为自己的学习做个笔记,以免以后遗忘。
model.py
定义网络模型
import torch
import torch.nn as nn
import torch.nn.functional as F
class LeNet(nn.Module):
def __init__(self):
super(LeNet, self).__init__()
self.conv1 = nn.Conv2d(3, 16, 5)
self.maxpool1 = nn.MaxPool2d(2, 2)
self.conv2 = nn.Conv2d(16, 32, 5)
self.maxpool2 = nn.MaxPool2d(2, 2)
self.fc1 = nn.Linear(32*5*5, 120) # 全连接层的输入必须是一维向量
self.fc2 = nn.Linear(120, 84)
self.fc3 = nn.Linear(84, 10) # `10`可以根据具体分类数进行修改
# 计算公式 (W-F+2P) / S + 1 W:图像的宽度(假设H=W) F:卷积核的大小 P:pooling值 S:步长
def forward(self, x):
x = F.relu(self.conv1(x)) # [batch, 3, 32, 32] -> [batch, 16, 28, 28] (32-5+0)/1 + 1 = 28
x = self.maxpool1(x) # [batch, 16, 28, 28] -> [batch, 16, 14, 14]
x = F.relu(self.conv2(x)) # [batch, 16, 14, 14] -> [batch, 32, 10, 10] (14-5+0)/1+1=10
x = self.maxpool2(x) # [batch, 32, 10, 10] -> [batch, 32, 5, 5]
x = x.view(-1,32*5*5) # [batch,32*5*5]
x = F.relu(self.fc1(x))
x = F.relu(self.fc2(x))
out = self.fc3(x) # 不需要使用激活函数,因为softmax激活函数被嵌入在交叉熵函数中
return out
注意:卷积后尺寸的计算公式:(W - F + 2P) / S + 1
,其中W是图像宽度(假设长度和宽度相同),F是卷积核的大小,P是padding的值,S是步长。
train.py
import torch
import torchvision
import torch.nn as nn
from model import LeNet
import torch.optim as optim
import torchvision.transforms as transforms
import matplotlib.pyplot as plt
import numpy as np
import torch.utils.data as data
transform = transforms.Compose([
transforms.ToTensor(),
transforms.Normalize(mean=(0.5,0.5,0.5), std=(0.5,0.5,0.5))
])
batch_size = 4
trainset = torchvision.datasets.CIFAR10(root='./data', train=True, transform=transform, download=False)

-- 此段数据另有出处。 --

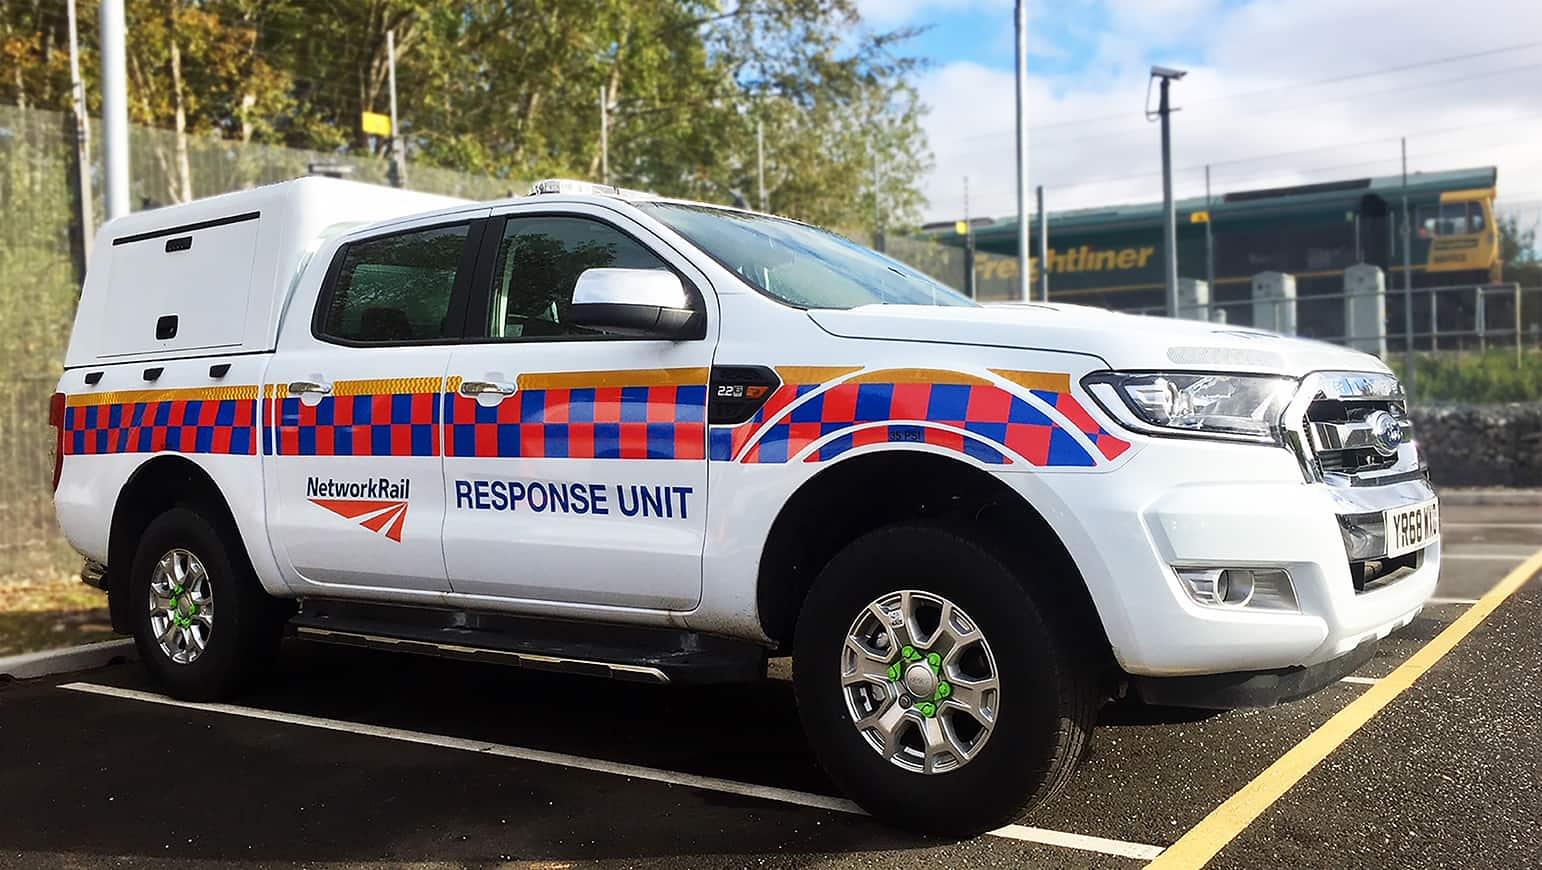 Network Rail Rapid response
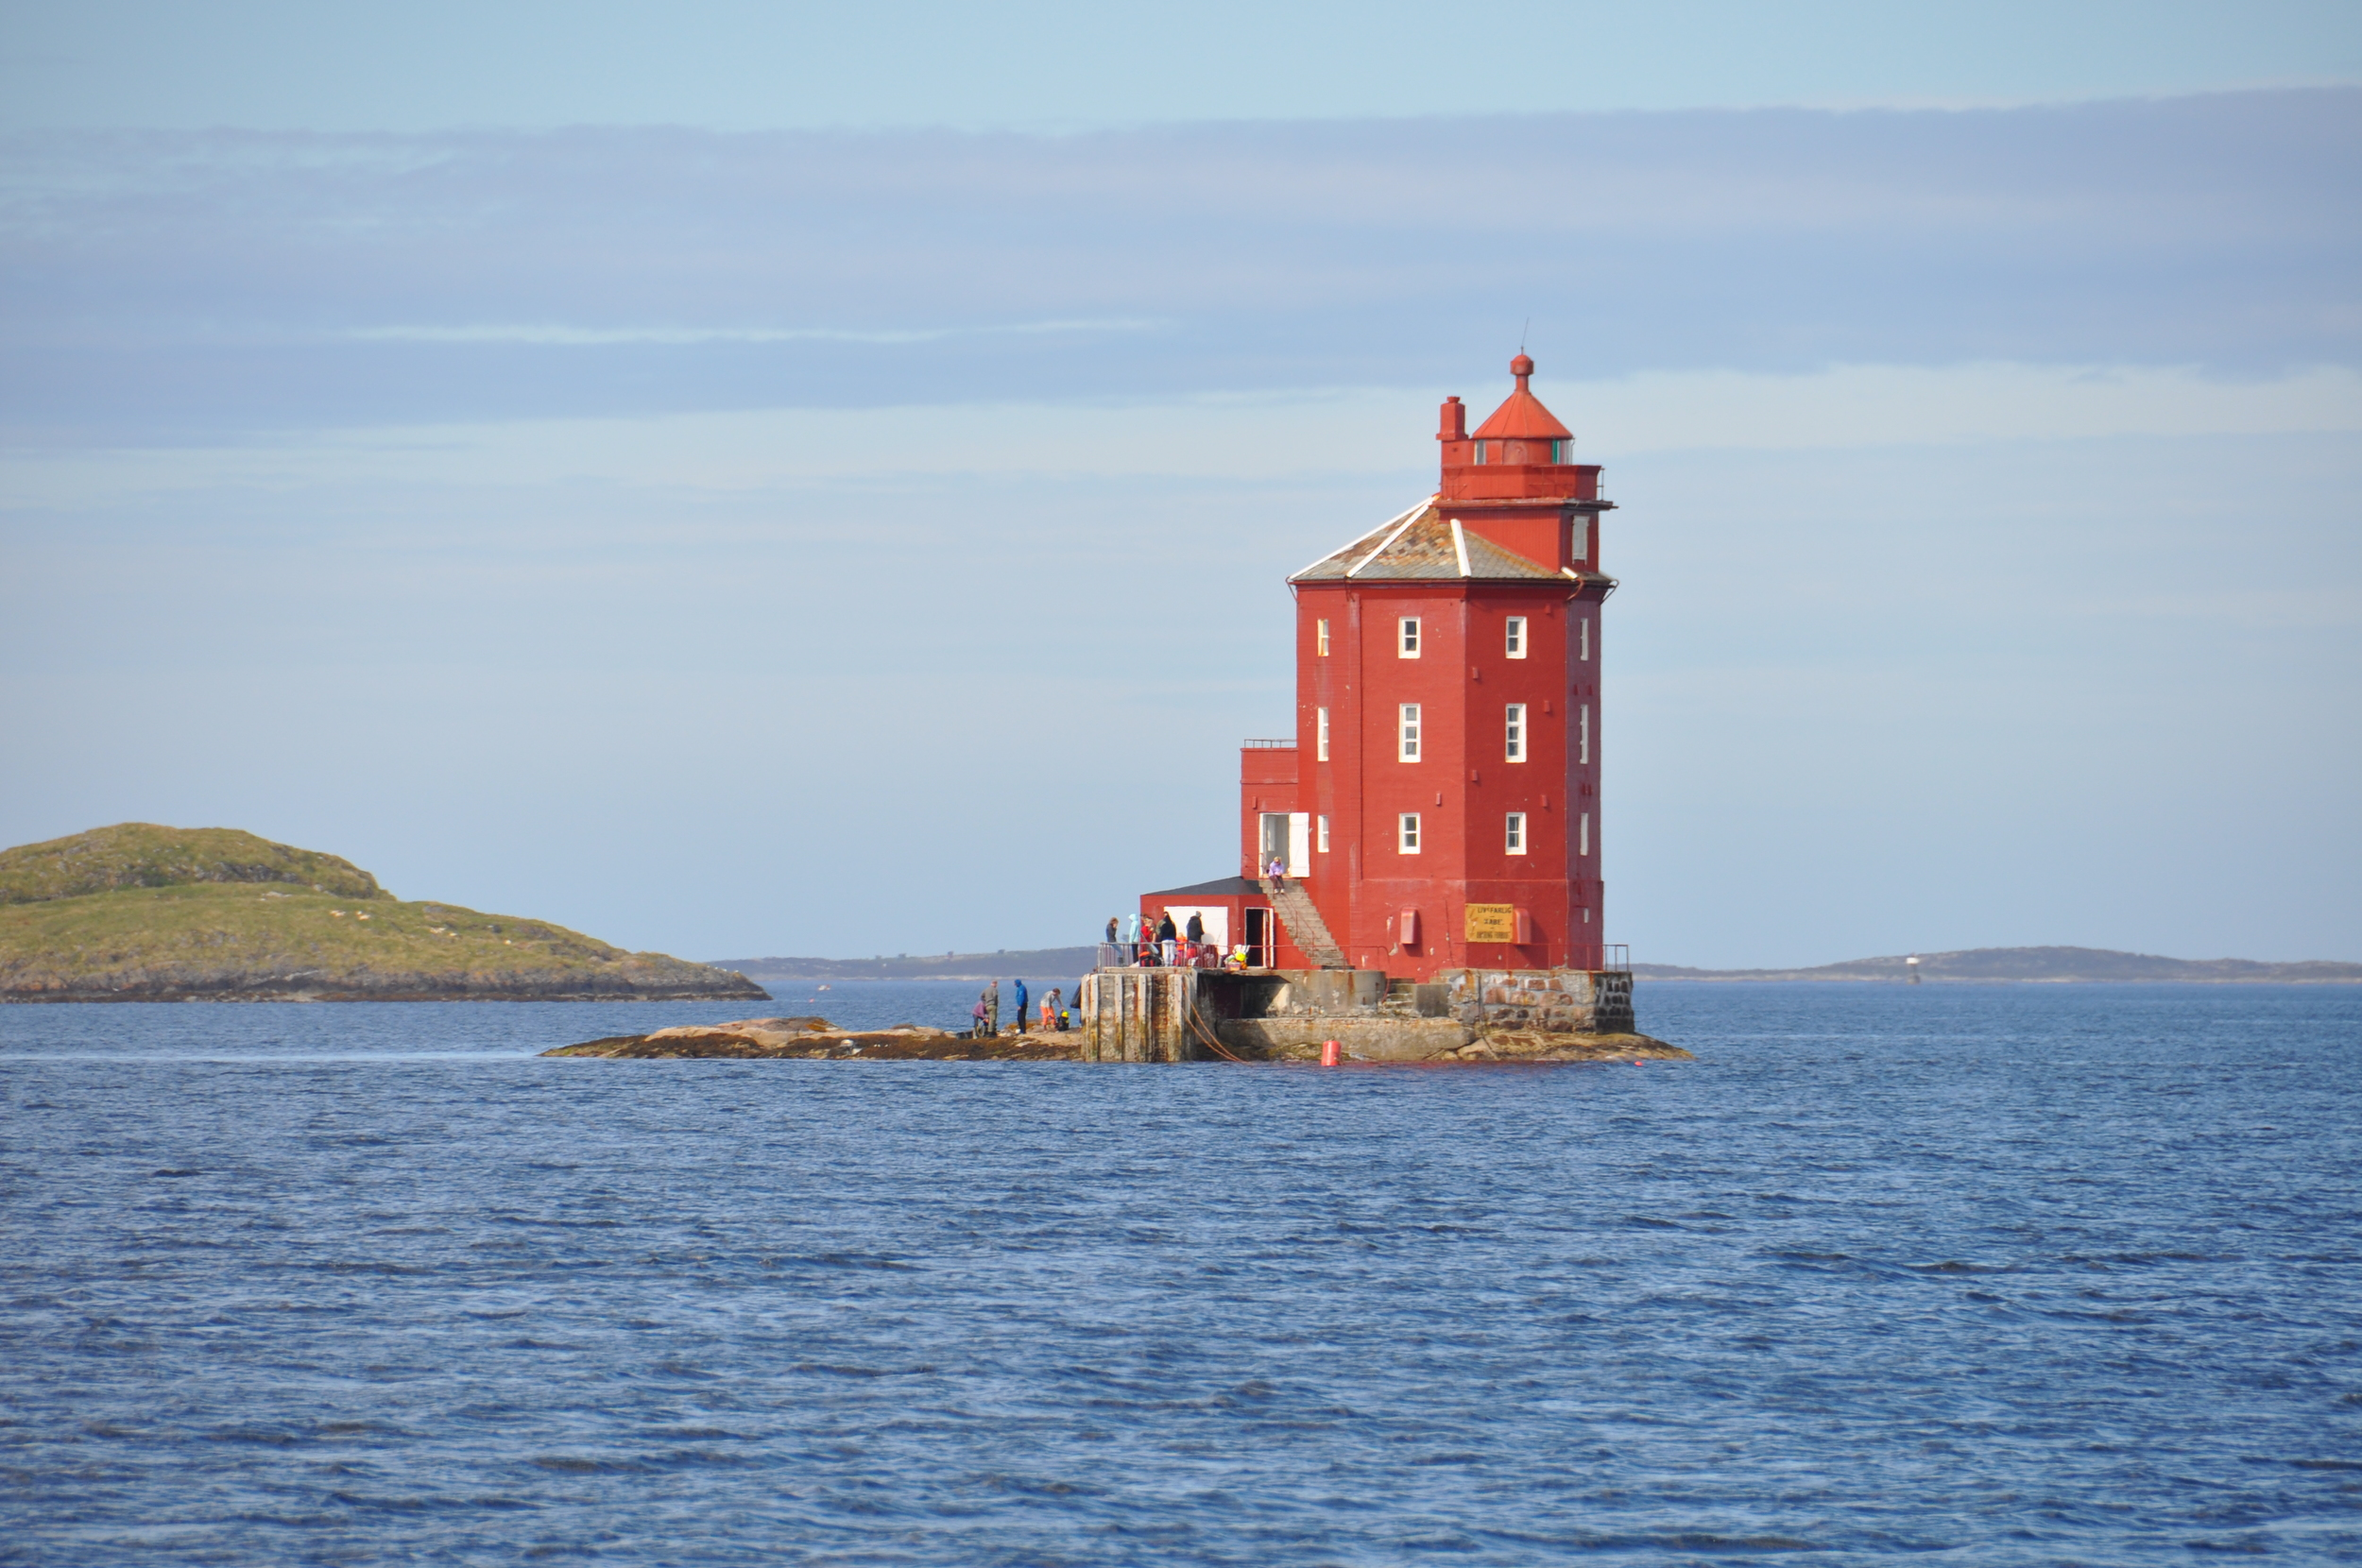 Kjeungskjær lighthouse.

trainloader = data.DataLoader(trainset, batch_size=36, shuffle=True, num_workers=0)
testset = torchvision.datasets.CIFAR10(root='./data', train=False, transform=transform, download=False)
testloader = data.DataLoader(testset, batch_size=10000, shuffle=False, num_workers=0)
test_data_iter = iter(testloader)
test_image, test_label = test_data_iter.next()
classes = ('airplane', 'automobile', 'bird', 'cat', 'deer', 'dog', 'frog', 'horse', 'ship', 'truck')
net = LeNet()
loss_function = nn.CrossEntropyLoss()
optimizer = optim.Adam(net.parameters(), lr = 0.001)
# 开始训练
for epoch in range(5):
running_loss = 0
for step, data in enumerate(trainloader, start=1):
inputs, labels = data
optimizer.zero_grad()
outputs = net(inputs)
loss = loss_function(outputs, labels)
loss.backward()
optimizer.step()
# 打印数据
running_loss += loss.item()
if step % 500 == 0:
with torch.no_grad():
outputs = net(test_image) # [batch, 10]
predict_y = torch.max(outputs, dim=1)[1] # dim=1表示在输出的标签中寻找最大值,max()->(最大值,下标)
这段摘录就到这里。